Another advantage of the disclosed system is the ability to incorporate domain-specific knowledge or heuristic rules alongside machine-learned criteria. For example, quality control guidelines derived from engineering handbooks or operator experience may be encoded as static rules and used in conjunction with data-driven models. This hybrid logic approach improves robustness and makes the system more interpretable and acceptable to human stakeholders. It also supports safety-critical deployments where fail-safe logic must be explicitly defined.

Overall, the invention provides a cohesive yet modular framework for real-time process intelligence, combining edge-level responsiveness with cloud-scale learning and oversight. By integrating traditional control systems with AI-enhanced decision-making, the system enhances manufacturing agility, product consistency, and operational efficiency. The combination of secure communication, adaptive analytics, and human-centric interfaces results in a platform capable of continuous improvement. These technical and architectural innovations contribute materially to the advancement of industrial automation.

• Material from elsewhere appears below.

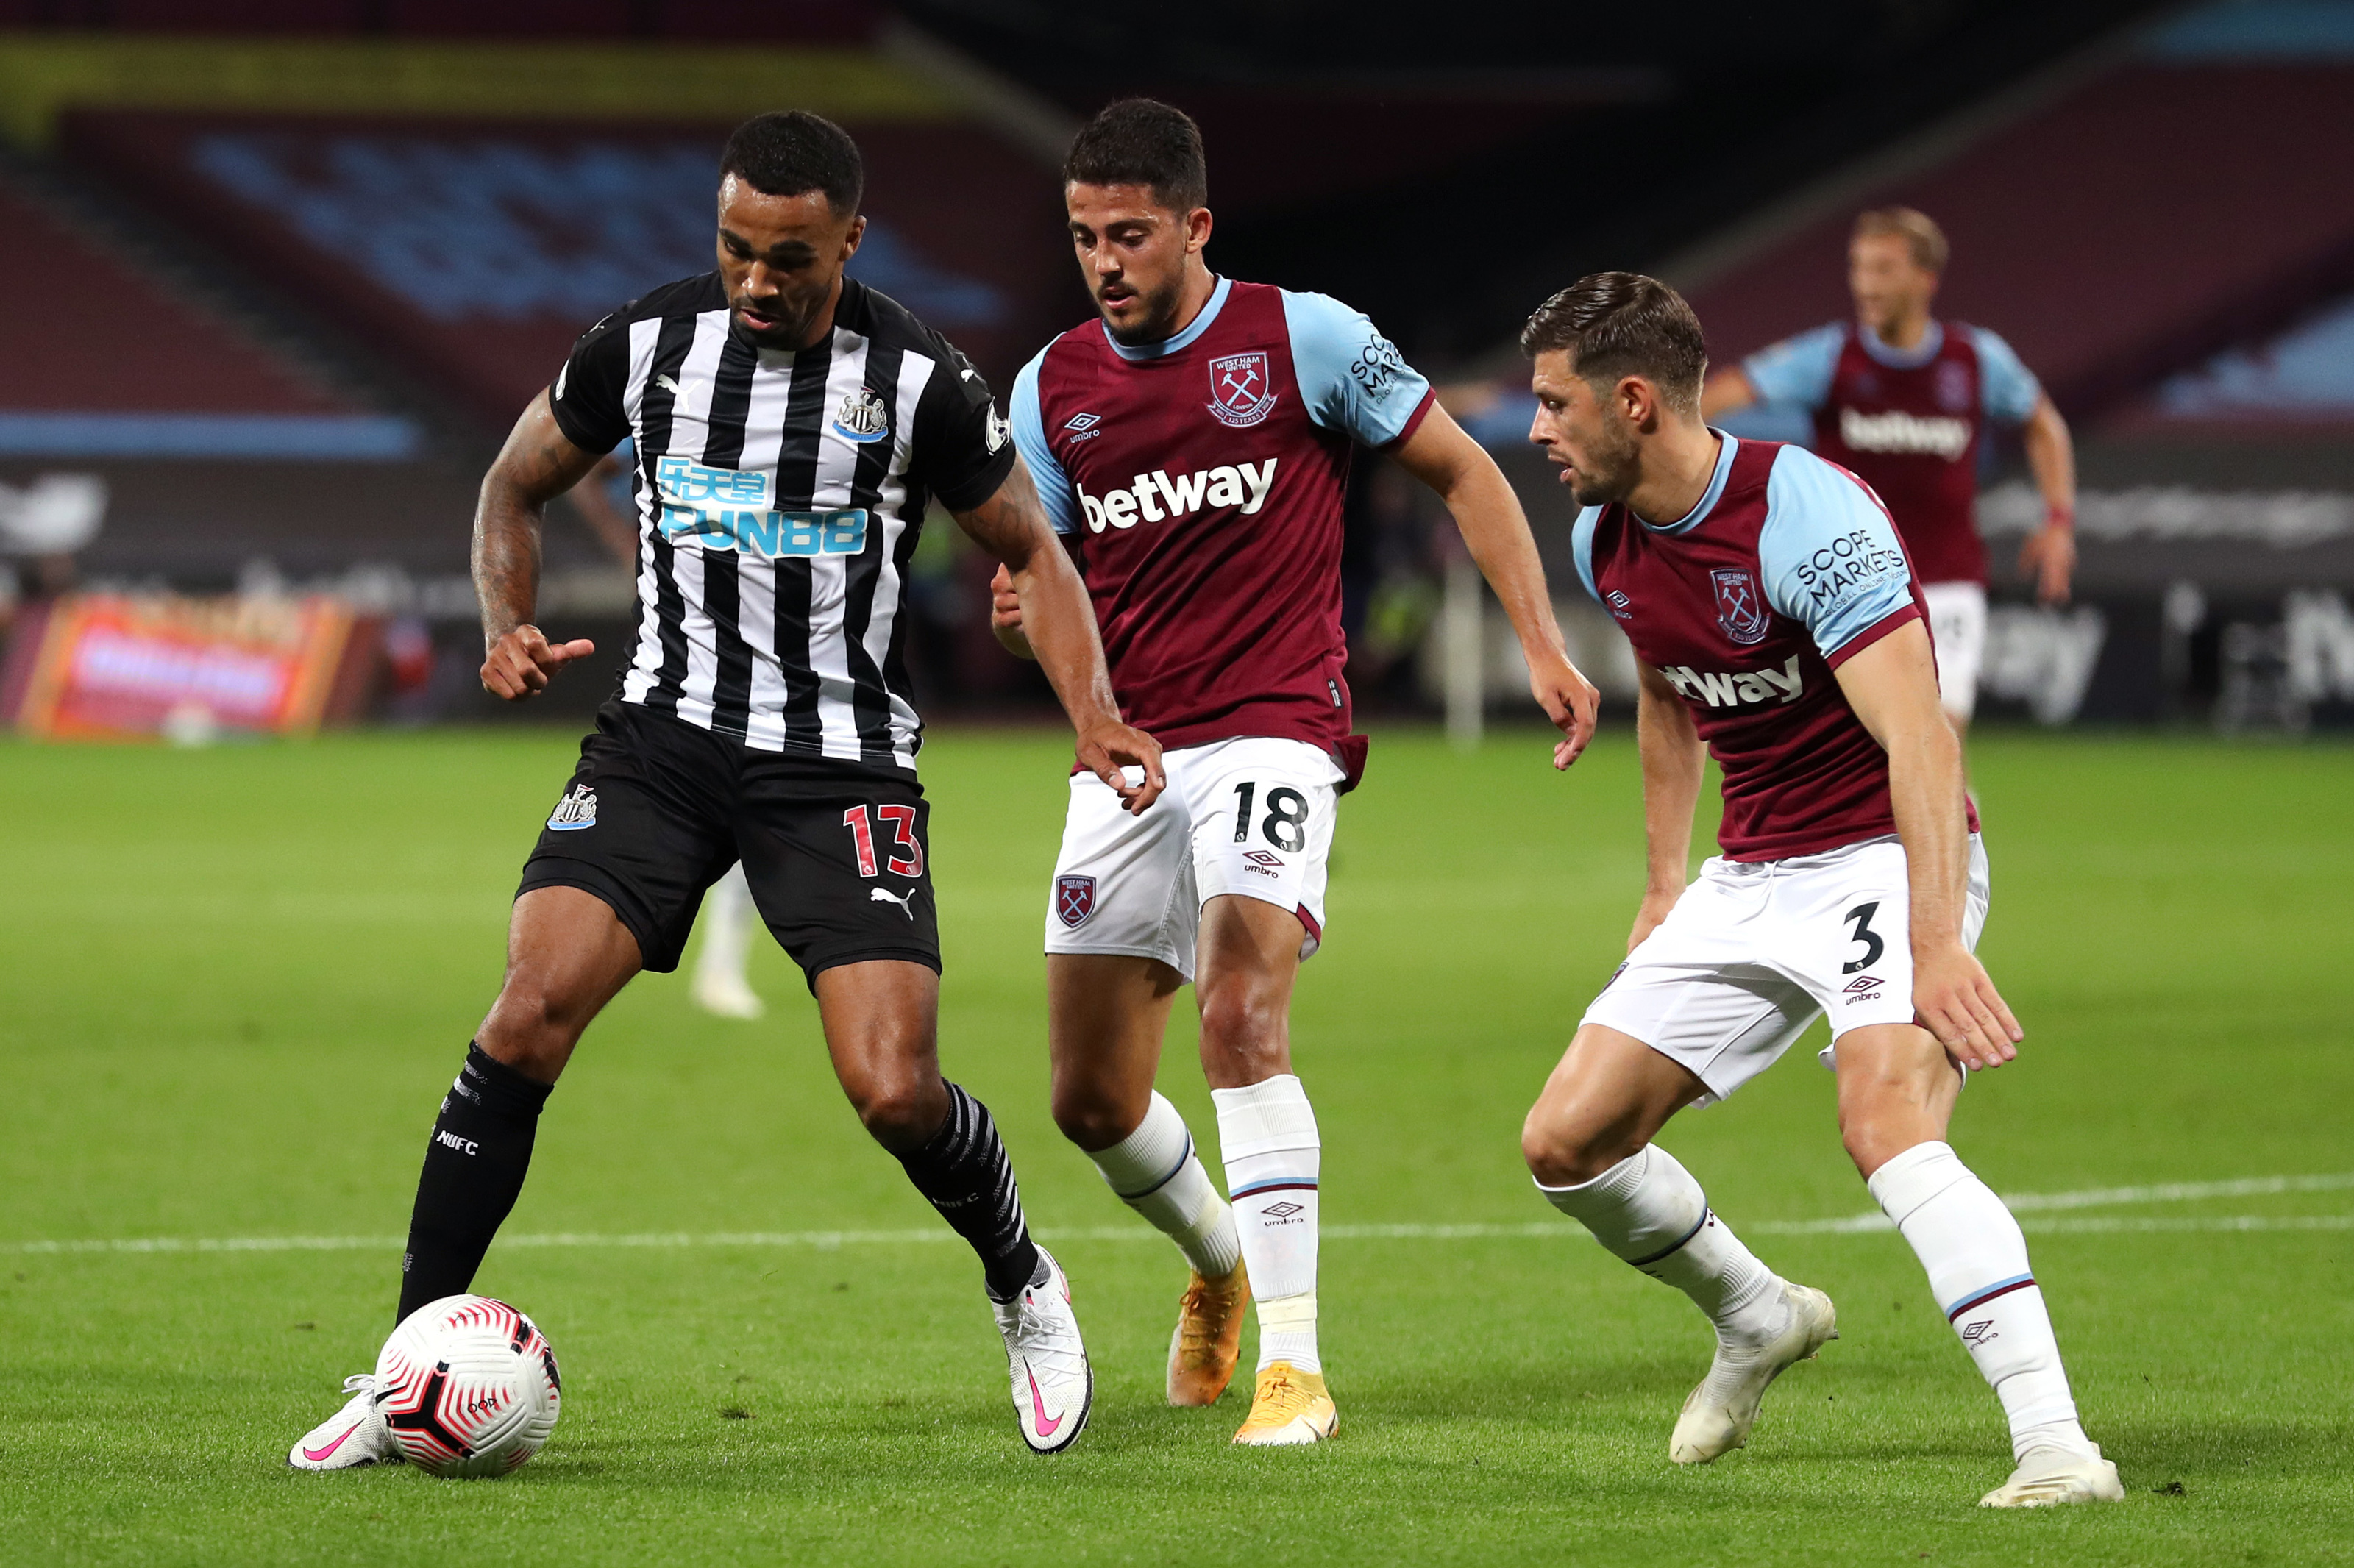 Bookies give Newcastle United favorable odds to shock West Ham United
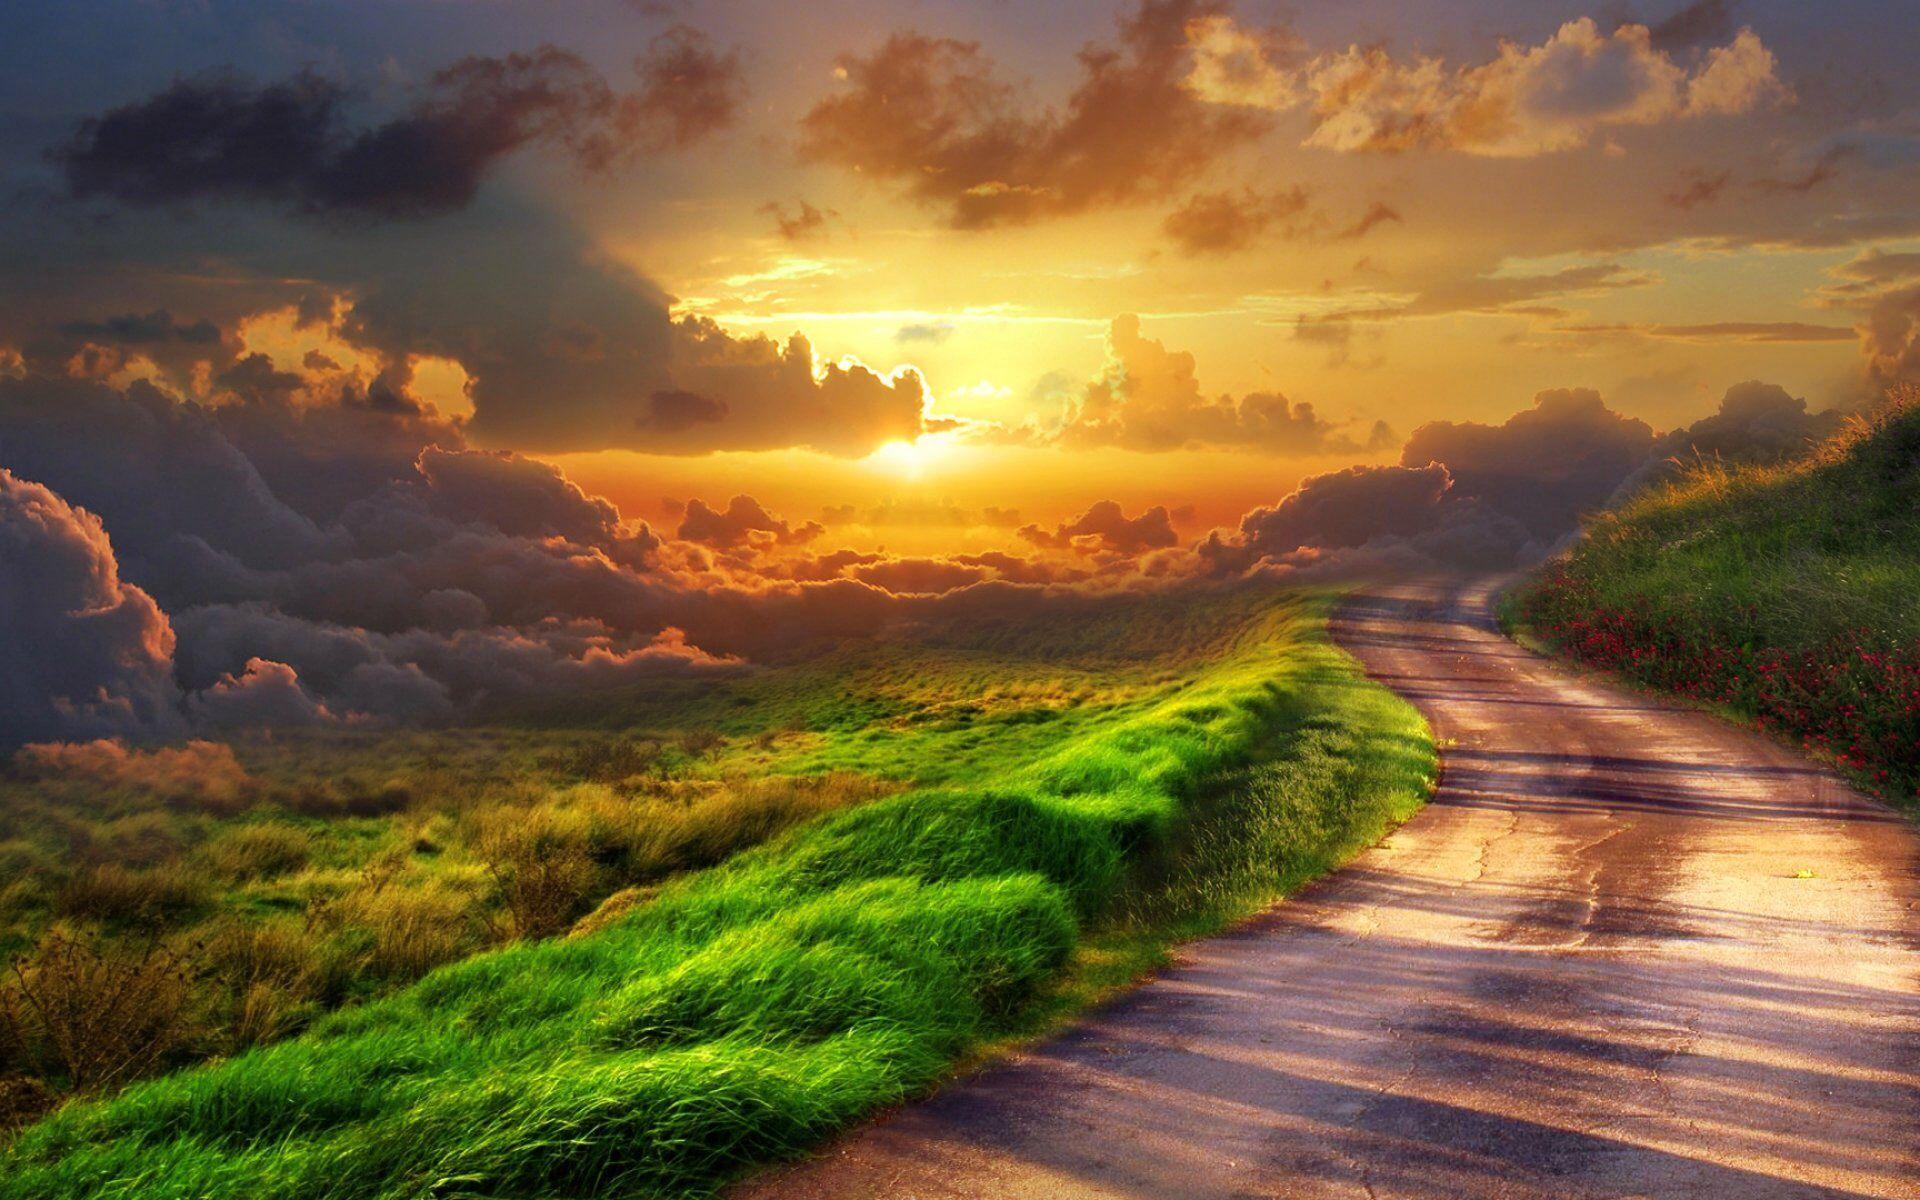 Heaven image Road to heaven HD wallpapers and backgrounds photos.

Other illustrative variations within the scope of the invention will become apparent from the detailed description provided hereinafter. The detailed description and enumerated variations, while disclosing optional variations, are intended for purposes of illustration only and are not intended to limit the scope of the invention.

The specific details of the single embodiment or variety of embodiments described herein are set forth in this application. Any specific details of the embodiments described herein are used for demonstration purposes only, and no unnecessary limitation(s) or inference(s) are to be understood or imputed therefrom.

Before describing in detail exemplary embodiments, it is noted that the embodiments reside primarily in combinations of components related to particular devices and systems. Accordingly, the device components have been represented where appropriate by conventional symbols in the drawings, showing only those specific details that are pertinent to understanding the embodiments of the present disclosure so as not to obscure the disclosure with details that will be readily apparent to those of ordinary skill in the art having the benefit of the description herein.

In general, the embodiments provided herein relate to a system, software, or a method for process management; in any reference to one of these, it should be understood that analogous other forms of implementation should be included. For conciseness, the present description frequently refers to embodiments simply as “software”, which should be interpreted to encompass systems and methods. Where a system is described, a method comprising steps that correspond to the functions performed by elements of the system should be understood as included. The embodiments may provide cloud-native computing AI-powered software that analyzes real-time data to predict quality anomalies in production according to product specifications and machinery conditions. Such cloud-native computing software and methods can create an intelligent automated assistant system to connect the manufacturing process with an Artificial Intelligence (AI) bot. This software may serve to predict any production anomalies based on product specifications and machinery conditions. The software and method may be implemented using various platforms, including instant messaging apps, web interfaces, email, smartphones, wearables, and more, or any combination of these platforms.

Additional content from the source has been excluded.